How to tell how loaded a historical is / how much data to put on a node

We’re running our historical nodes in GKE with each historical server as the only thing running on a node, storing segments in local SSD (with GCS for deep storage).

Right now we’re putting a single SSD (375GB) on each node, and that’s the current determinant of how many nodes to run. However, GKE supports up to 8 SSDs per node, so we’re considering running with more storage per node to reduce node costs (as machines are much more expensive than SSDs!). Each node has 60GB of memory, most of which we allocate to Druid, so the amount of our data we’re storing in memory is already far lower than the amount we store on disk.

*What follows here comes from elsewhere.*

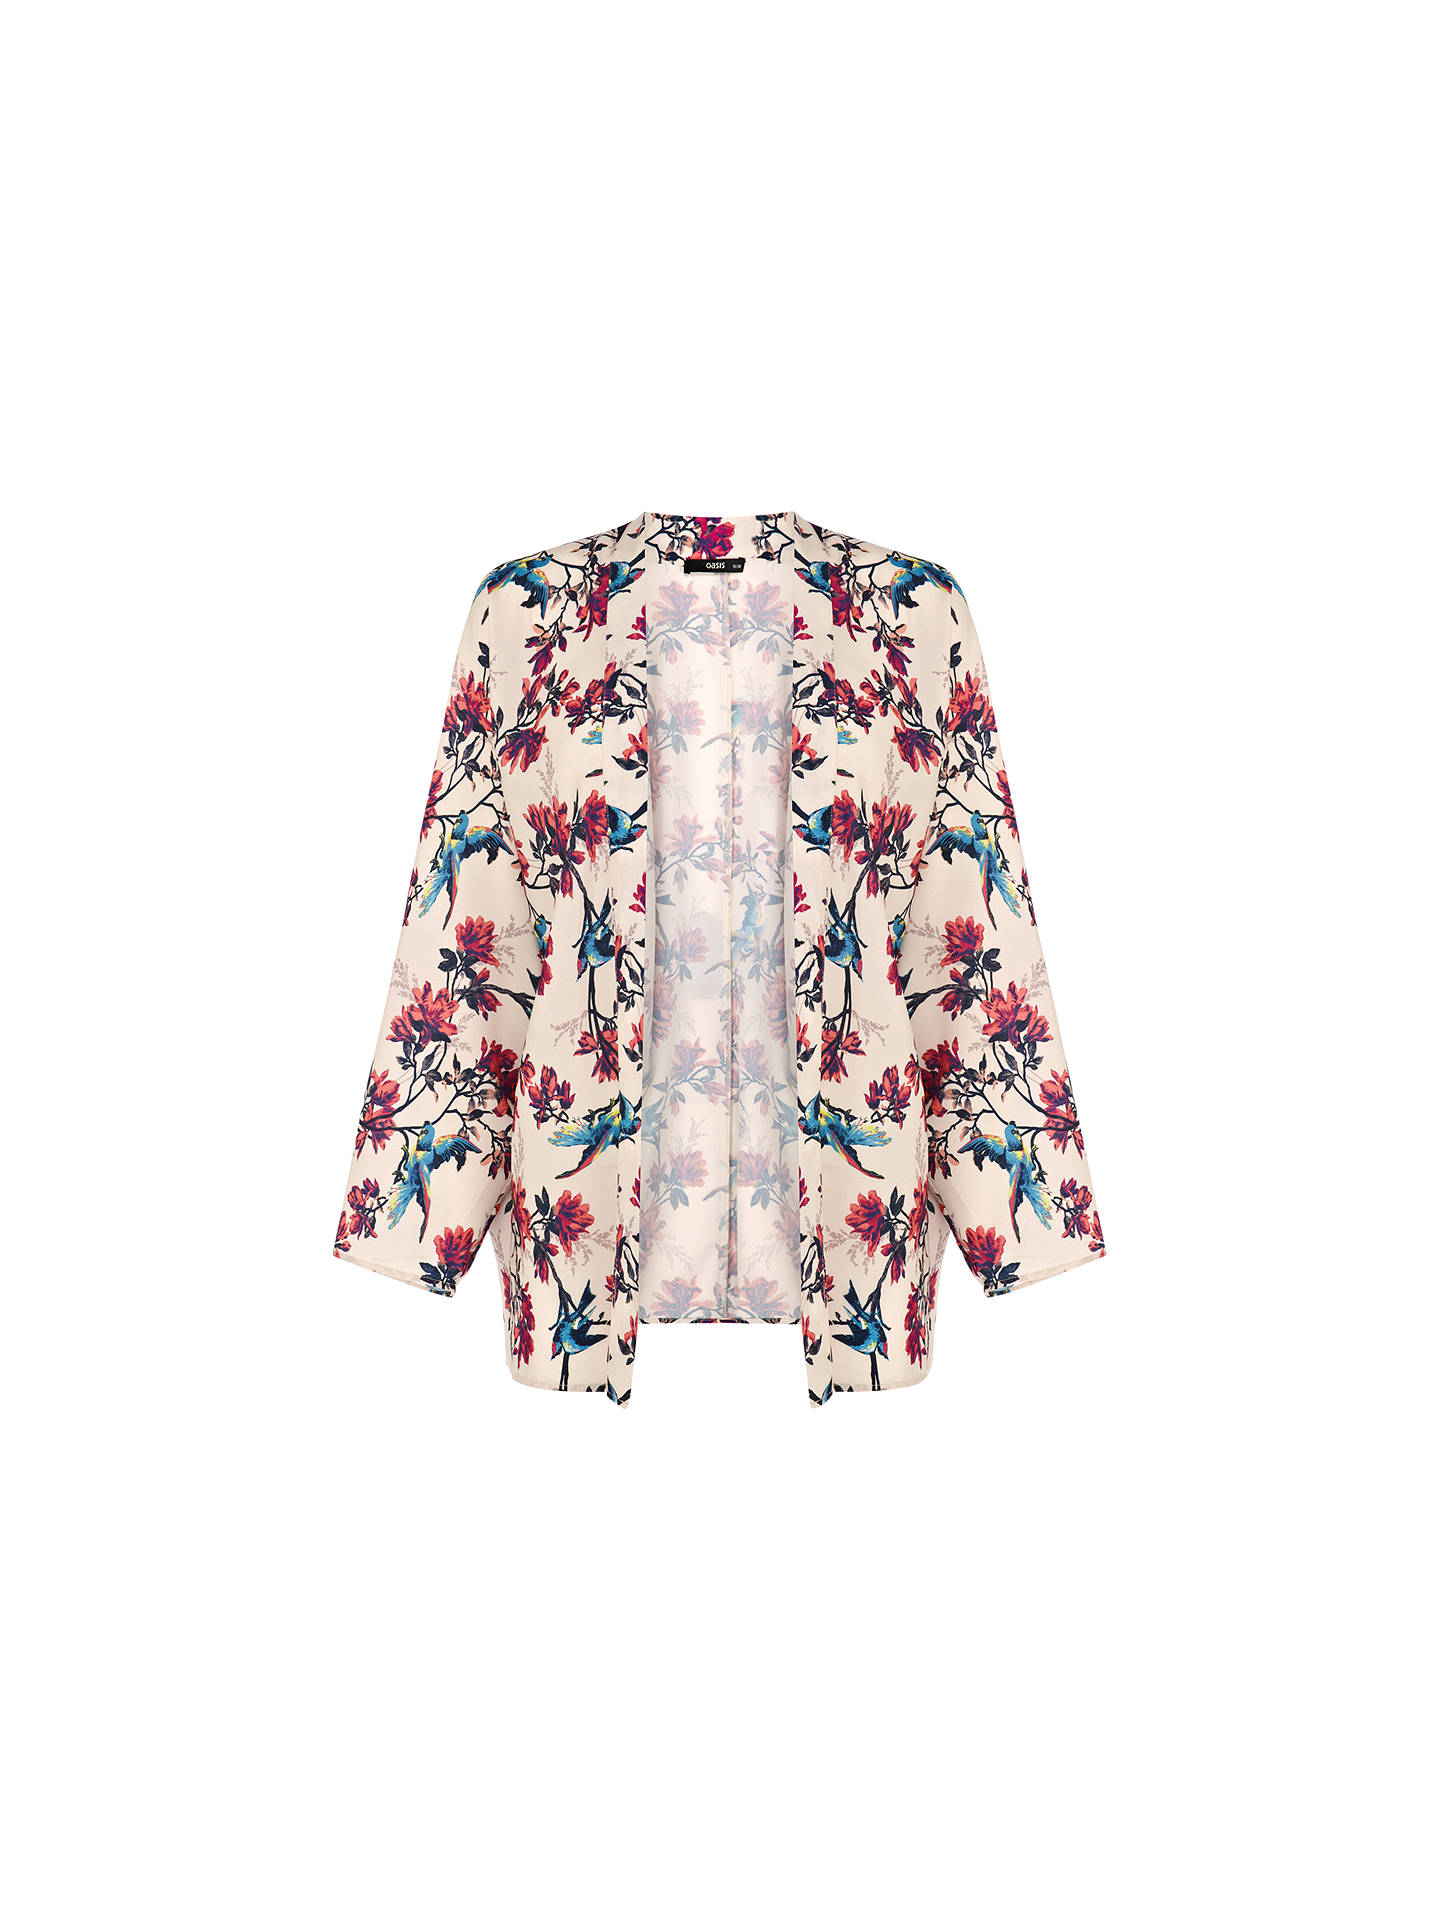 8a0b3becb550 Buy Oasis Bird Kimono Jacket, Off White, 8 Online at johnlewis.com ...

I can look at how much CPU the nodes use and see how much headroom we have there, but because Druid historicals use memory in various ways including the Linux page cache, I’m not really sure how to do the same analysis for memory. (I have read http://druid.io/docs/latest/operations/performance-faq.html.) What should I be looking at to see if with our usage patterns it would be reasonable to double, quadruple, or octuple the amount of data stored on each node? (Other than “end to end performance of our queries” of course.)

–dave

Hi David,

The ratio of memory:disk would depend on the type of queries and the amount of data being queried.

The historical segment scan time and the amount of data being read from the disk would give a better idea of the historical performance.

Druid emits many metrics (http://druid.io/docs/latest/operations/metrics.html). The useful ones for paging would be query/segment/time and sys/disk/read.

From these you should be able to have a good understanding on how changing the memory setting affects the performance for your use case.